- Directed by: Marwan Hamed
- Written by: Ahmed Mourad
- Starring: Karim Abdel Aziz Nelly Karim Hend Sabry Shereen Reda
- Cinematography: Ahmed El Morsi
- Edited by: Mohamed Attia
- Music by: Hesham Nazih, Mohamed Elhusseini
- Production companies: Rotana TV Synergy Films
- Distributed by: Rotana TV Rotana Studios
- Release date: July 25, 2019;
- Running time: 130 minutes
- Country: Egypt
- Language: Arabic

= The Blue Elephant 2 =

2019 film by Marwan Hamed

The Blue Elephant 2 (2 الفيل الأزرق, translit. Al Fil Al Azraq 2) is a 2019 Egyptian drama horror mystery crime thriller film directed by Marwan Hamed. The film is a sequel to the 2014 box office hit film The Blue Elephant. Produced under the banner Rotana Film Production and Synergy Films, most of the crew members who were originally part of the prequel were retained. The film stars Karim Abdel Aziz, Khaled El Sawy, Nelly Karim and Shereen Reda in the lead roles.

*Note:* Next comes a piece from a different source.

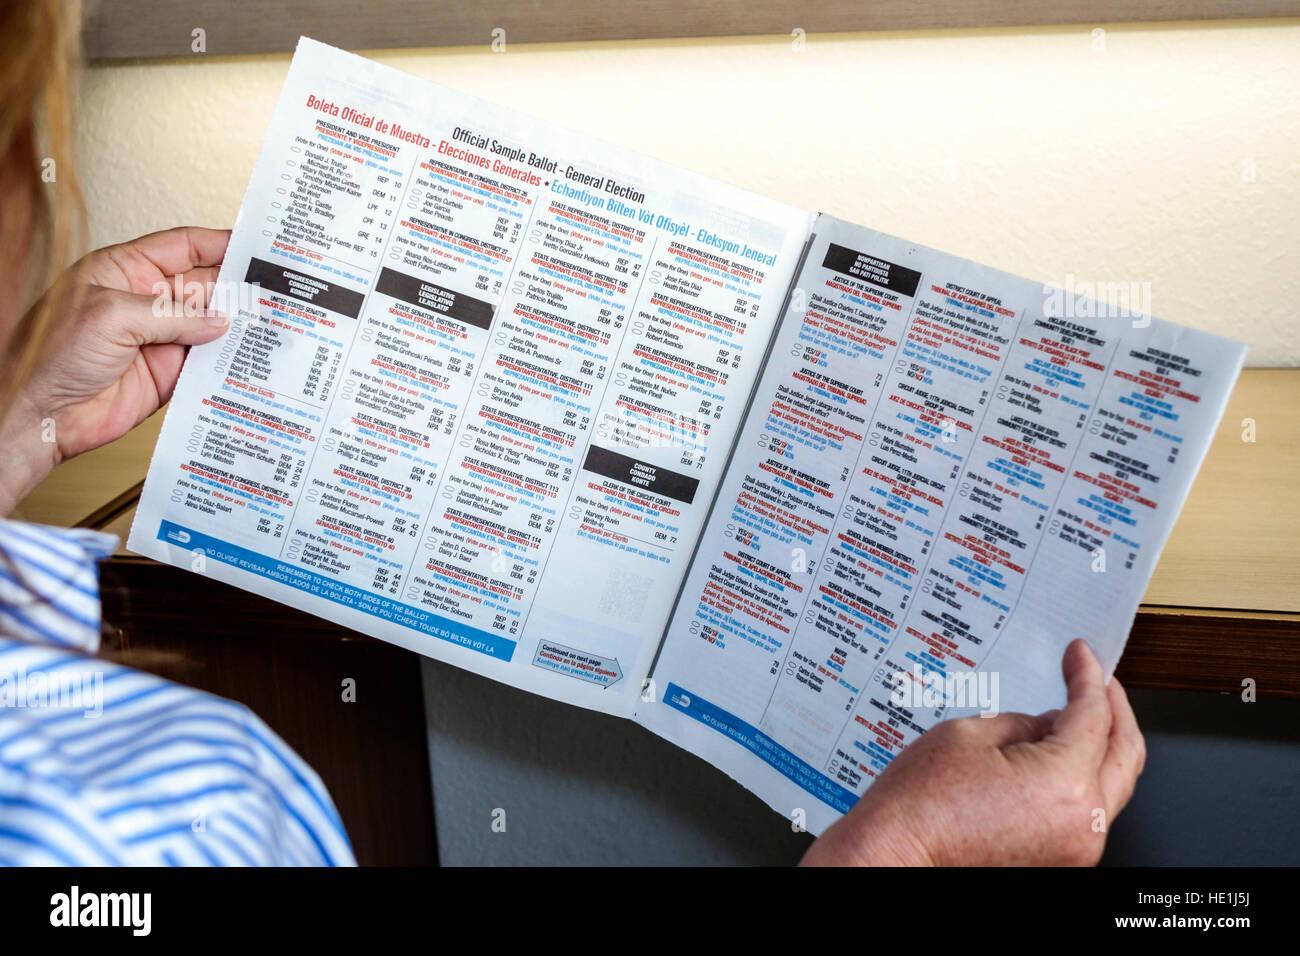 Voting dates in Melbourne

Principal photography of the film commenced in November 2018. The film had its theatrical release on 25 July 2019 and received positive reviews from the critics. Similar to the prequel film, it also became a successful venture at the box office. It also became the highest grossing Egyptian film in the history of Egyptian cinema collecting at the box office.

== Plot ==
Dr. Yehia (Karim Abdel Aziz) is now married to Lobna (Nelly Karim) and fathered another child with her. He has abandoned psychology and currently works in real estate.

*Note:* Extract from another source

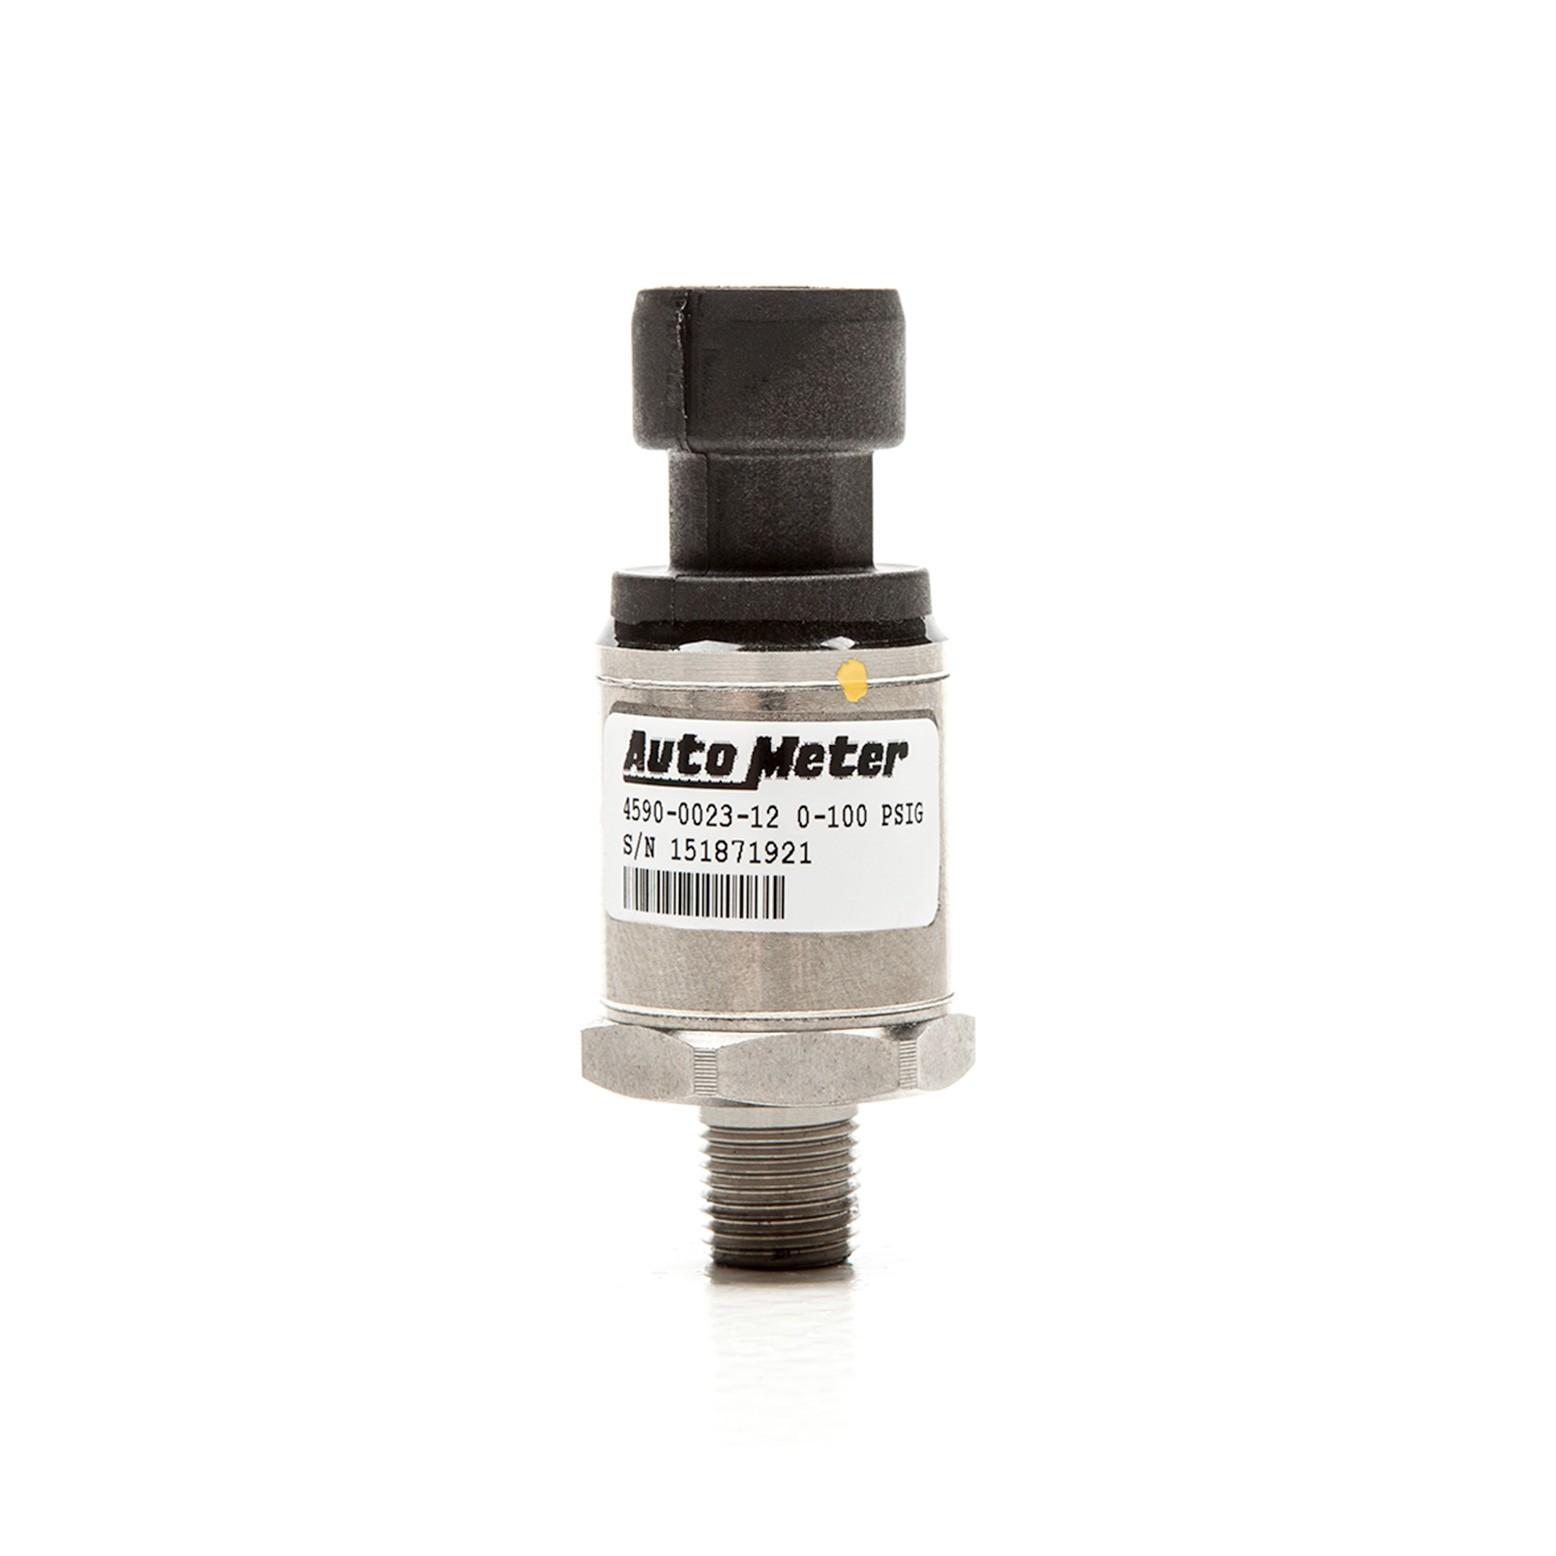 COBB Subaru Fuel Pressor Sensor Kit

A new inmate in the women's section of the psychiatric hospital, Farida, killed her son and husband, and claimed she had no memory of it. When questioned, she insists that she must see Dr. Yehia to confess to him what happened. She is a former colleague of Yehia's wife at the bank she used to work at.

Farida emphasizes the death of his entire family is only three nights away. She prophesies that the family dog will die on the first night, and later that he will encounter the Blue Elephant in a tragic accident.

On the first night, the dog dies. The next morning, Yehia's car crashes into a truck with a blue elephant logo. Later, his two children inexplicably become unconscious.

Yehia then acquires the blue elephant pills in an attempt to control things and solve the puzzles he faces. Like in the first film, he sees visions of the past and meets the demonic woman who has controlled Farida's body.

== Cast ==

- Karim Abdel Aziz as Dr. Yehia Rashed
- Khaled El Sawy as Sherif Al Kordy
- Nelly Karim as Lobna
- Hend Sabry as Farida
- Shereen Reda as Deega
- Eyad Nassar as Akram
- Tara Emad as Mermed
- Amgad Elsharqawy as Joy
- Maha Abou Ouf as Mother of Farida

== Marketing ==
The official trailer of the film was unveiled by the film director on 10 June 2019 and it crossed 15 million views within the 24 hours.